Swisscom Trust Services - Trust Blog

6 Key Questions to Understand the Digital Credential Wallet Ecosystem

Written by Peter Amrhyn | 3/10/26 12:44 PM

Digital credential wallets are rapidly moving from concept to operational reality across Europe. As national and international initiatives mature, organizations are confronted with a fundamental shift in how digital trust is created, verified, and reused. The promise is compelling: faster onboarding, higher assurance, and better user experience. However, the underlying ecosystem introduces new responsibilities that go far beyond a simple technical integration. In this FAQ, we have collected 6 key questions you should be ableto answer if your organization wants to adopt digital credentials.

What are digital credential wallets, and why are they gaining importance?

Digital credential wallets allow individuals to store verified credentials, such as identity attributes, qualifications, or age proofs, and present them securely when needed. Solutions like state-backed wallets in Switzerland and the EU are designed to work across sectors and borders. Their growing importance stems from their ability to facilitate repeated identity checks using reusable, high-assurance credentials. For businesses, this means faster onboarding, fewer manual checks, and improved user experience, particularly in banking, telecommunications, public services, and e-commerce.

The EUDI wallet, based on the eIDAS 2.0 regulation, makes digital identity available throughout the European Union. The Swiss pendant is swiyu – a wallet for e-ID and other electronic credentials.

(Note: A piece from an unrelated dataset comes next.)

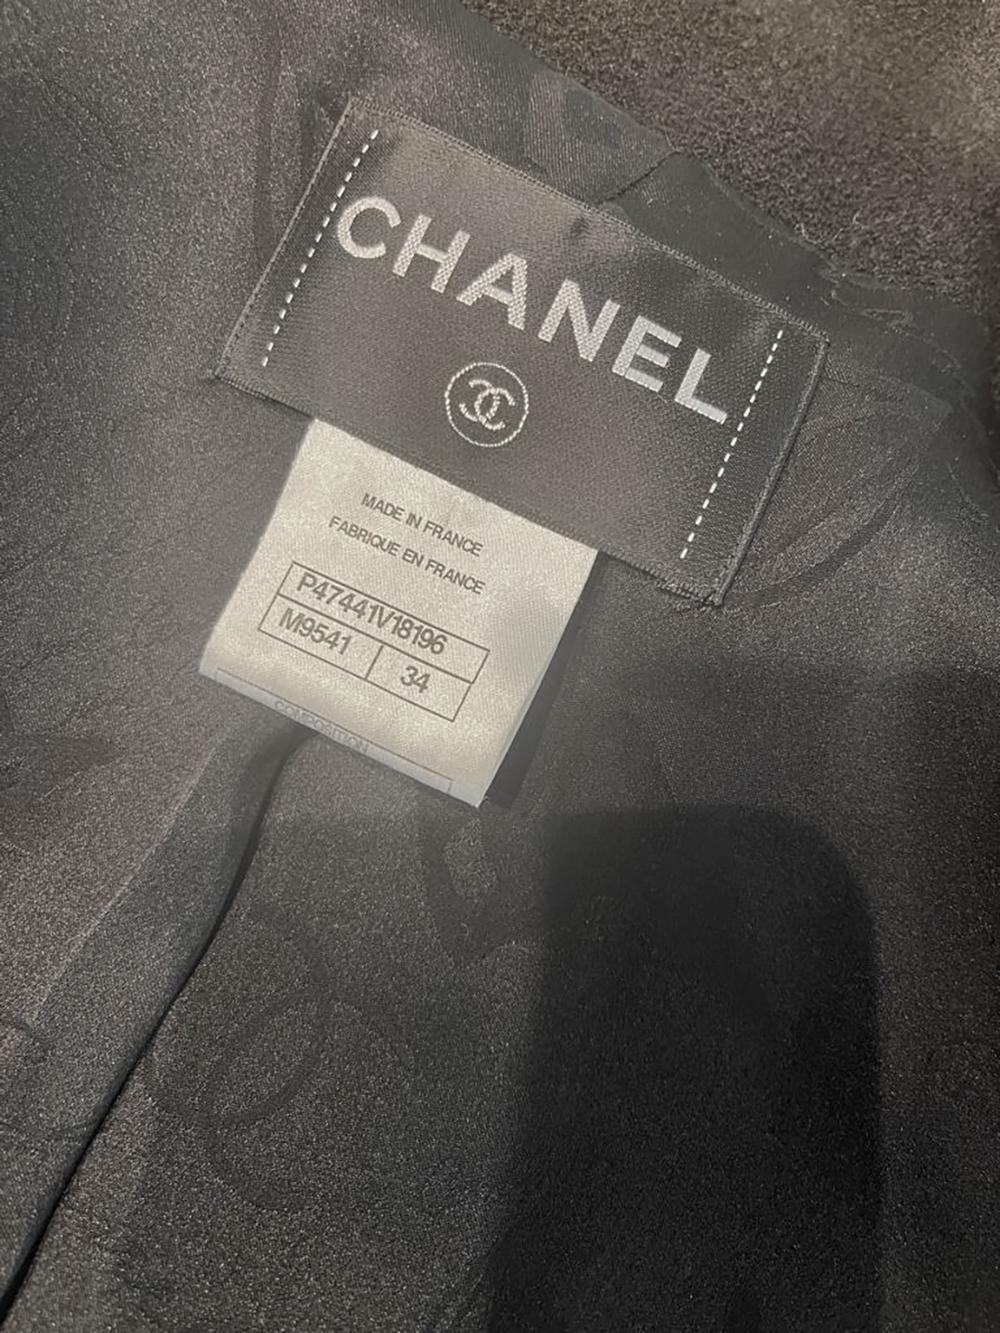 Chanel CC Buttons Paris / Singapore Runway Black Tweed Coat 8

In addition to these government offerings, there are also private wallets.

How do digital credential wallets improve onboarding and compliance?

Digital credential wallets allow businesses to rely on credentials already verified by trusted issuers (e.g., government authorities), rather than uploading ID cards or going through cumbersome procedures. Customers can prove attributes like identity, address, or age in seconds. This accelerates onboarding and reduces drop-off rates. Organizations can meet regulatory requirements such as KYC and AML with greater assurance and less operational friction.

 

What complexity hides behind the apparent simplicity of wallets?

Although user interactions appear simple, wallet ecosystems introduce new roles, dependencies, and governance requirements. Organizations no longer operate in a bilateral relationship with the user alone. They become part of a broader trust ecosystem involving issuers, trust frameworks, and assurance models. This requires clarity on which credentials can be relied upon, at which assurance levels, and with what liability implications. Wallet adoption, therefore, brings organizational due diligence obligations alongside technical requirements. Legal and compliance teams must understand which credentials are acceptable for which regulatory purposes and how liability is handled. Security requirements such as cryptographic key management and fraud prevention add further layers of complexity. On the other hand, companies can already start to think about their processes and opportunities to improve process speed and convenience. 

Should organizations build wallet capabilities themselves or rely on partners?

Building wallet acceptance in-house includes certification, recurring audits, liability exposure, and continuous regulatory interpretation. Given that wallet ecosystems are still evolving, this level of long-term commitment is rarely justified for most organizations. Partnering with certified trust providers allows companies to enter the ecosystem pragmatically, capture early value, and remain flexible as standards and regulations mature. Certified partners already operate within recognized trust frameworks and offer proven, compliant infrastructure, reducing time to market and operational risk.


How does Swisscom support organizations in adopting credential wallets?

Swisscom Trust Services follows an end-to-end enablement approach rather than offering isolated tools. It starts with strategic wallet readiness assessments that help companies identify opportunities in existing processes where wallets might be applied, then supports organizational onboarding into trust ecosystems, defines process-level governance controls, and enables trusted verification and legally binding signatures. This modular approach allows organizations to adopt wallet-based trust step by step while remaining audit-ready and regulatorily defensible.